I hope you made it through the closures with your health and heart in tact. I hope that you’re able to find ways to stay with your heart as the news cycle whiplashes from one outrage to another. What I find helpful is either logging off :) or paying attention to worker actions (and victories) here in Canada and in the U.S.
Two years has brought big change. I feel like a completely different person, and I’m both excited and nervous to introduce her to the world. My 13-year-old cat, Lyla, has somehow aged in reverse and is now kitten-level rambunctious (Rawiya calls it the Jane Fonda regimen). I’m back at the gym and lifting weights, inspired by Golshan, fucking powering through stability exercises with noodly limbs. Still in the same apartment though, and dreading another summer without aircon.
Part of what has changed is my writing. Like, it has, but it’s also the same? I couldn’t have figured this out without this space, and all of your generosity in those early emails. I was able to start working through my reactions, emotionally, and on the page. I could see more clearly the self-conscious impulses to ‘tell’ and ‘prove,’ and redirect toward a process that allows for more time and feeling.
The other day I saw a film called Rewind & Play by a French-Senegalese director Alain Gomis. It was an hour of unaired footage of Thelonious Monk in Paris in 1969, taping an episode of a TV jazz program. The film’s aim is to witness and embody Monk’s discomfort and easy defiance against the egoic flailing of the white interviewer, who veers manically between condescension, sycophancy, ovefamiliarity, and lapses in journalistic ethics and empathy. Meanwhile, Monk is present. He’s there being Monk.

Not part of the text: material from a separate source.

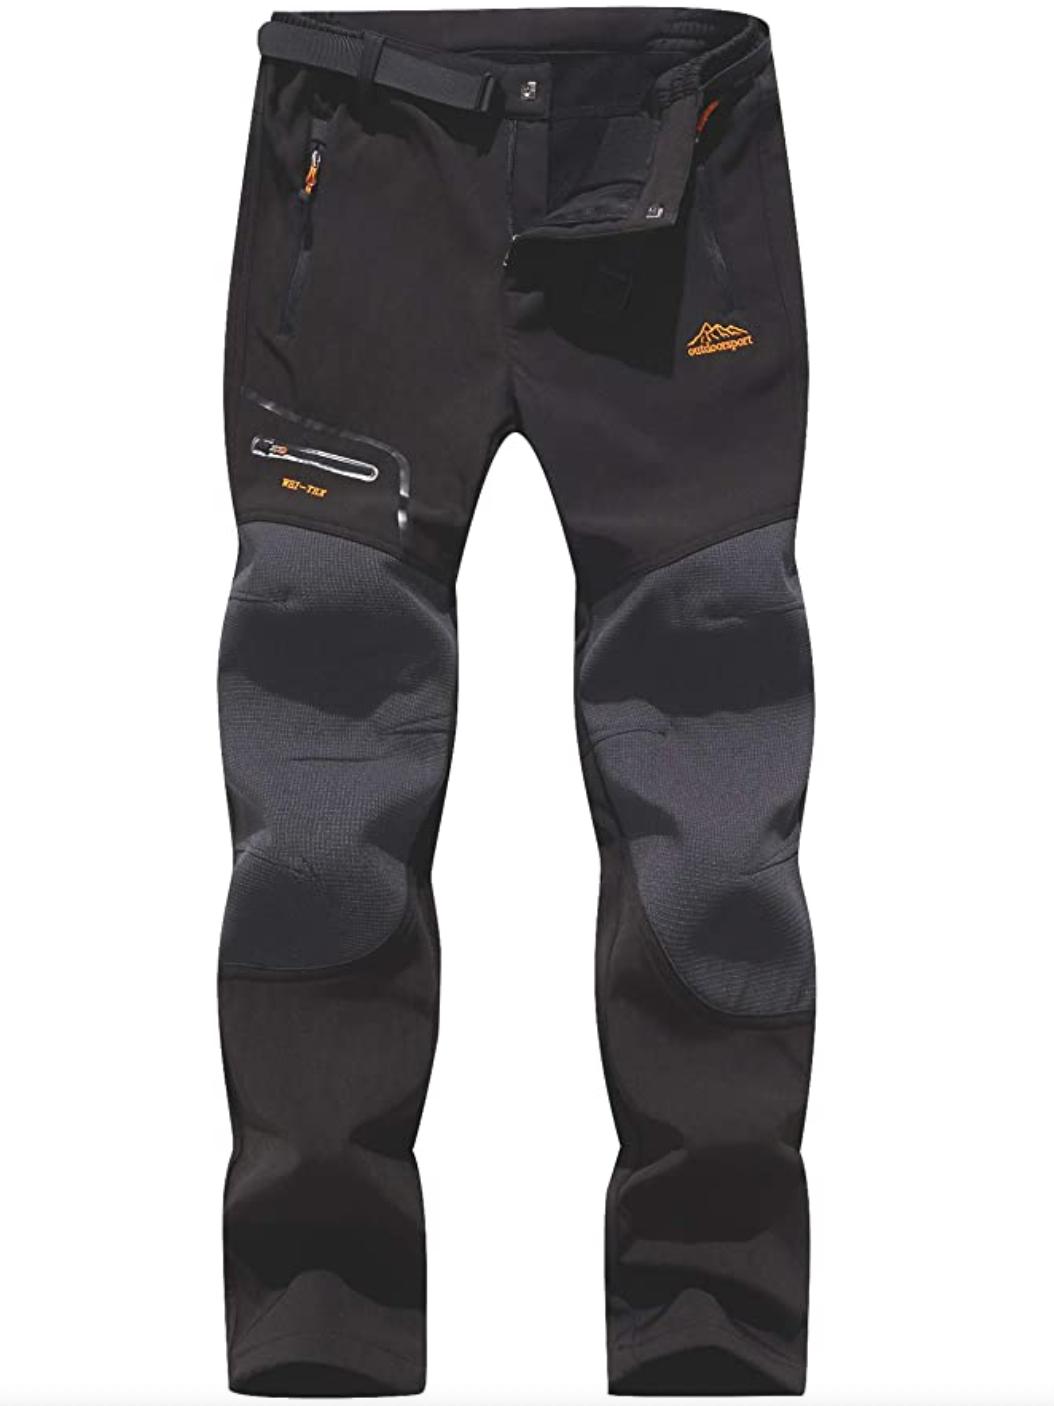 BenBoy Waterproof Cargo Hiking Pants

Watching it, I felt embarrassed for music journalists — “we” — because I recognized some of those behaviours, especially the desire to will another person toward a self-serving clarity. These tics of interviewing and tendencies in the writing are assigned to, and originate in white men, but have become part of the culture of arts criticism and music journalism at large. Often under the guise of professionalism, or a role play of expert. You can read it in the writing, which is less about how art has invited one to think, and feel, and consider, and instead a series of gestures and positions indicating how one knows something, is an insider, or (worse) humorously at odds with the subject (dehumanizing both in the process). The writing is painfully aware of being perceived.
I keep thinking about Doreen St. Felix in conversation with Margo Jefferson from a few weeks ago:
DOREEN: “I guess I have a feeling, amongst writers that I know, that we are not willing to be that reckless. We are not willing to say what it is that we do believe. I think it permeates every form, and I think there’s a collapse, even within the social space of our world, where the writer is supposed to be a good person, and is supposed to even be synonymous with the activist figure, with the uplift of the race.”
MARGO: Yes, that is true. You know that shows up in every single generation, every single generation going back a couple of centuries for black writers. It just mutates, it gets a different mise en scene, a different medium, but the same demands […] A lot of the anxiety you’re describing affected me when I was a beat writer, at Newsweek and the Times. I felt very much this sense of almost a pull between how I wanted to engage the material and idealized Margo, the critic form, and the cultural politics, the gender politics, the fact that I was often the only black woman in a critical space. That is generational […] We’re talking about self-censorship. And ones notion — always absorbed by everything from one’s friends to one’s enemies to the dominating ideology — what you should be thinking and doing, and who are you betraying if you don’t.”
I think Jefferson better gets at what I was trying to say above. It is a relief to hear her say it. Writing ages over time, and the relationship to language deepens and hopefully becomes unburdened by the spectre of the reader. To me, this isn’t something that can be accomplished without the spiritual, which I define as a letting go. To let go of the personality and instead practice a kind of devotion. It’s raja yoga vibes… knowledge as devotion, not power.
Though the writing does sometimes have to leave you and enter the world, so I get it. I get why Dionne Brand wrote that, “The malicious horizon made us the essential thinkers of technology. How to fly gravity, how to balance basket and prose reaching for murder.”
I think it’s that I crave a different kind of recklessness, orienting away from that ‘malicious horizon’ toward something else, less murderous. The maliciousness is no longer simply present, it’s beckoning. Or, it’s what I said to Huda the other day: I’m interested in what’s beyond fear.
Which brings me to why I’m here in your inbox: a bunch of festering thoughts that lingered with me after Mustafa’s concert in December were recently published as an essay in Maisonneuve. I was pretty scared when I started writing. Most of this was composed in fragments over months, a lot of it written while sitting on a bench or log in the middle of High Park, where I felt supported. I asked friends to read it. I spoke to my insecurities, and didn’t allow my anxieties to be louder than my desire. And I’m proud, for the first time maybe ever! It took me a decade to feel comfortable referring to myself as a writer, and another couple of years to let go of the idealized form and find myself on the page. I hope you’ll enjoy reading it, but mostly I hope it brings up questions that make you feel a little reckless.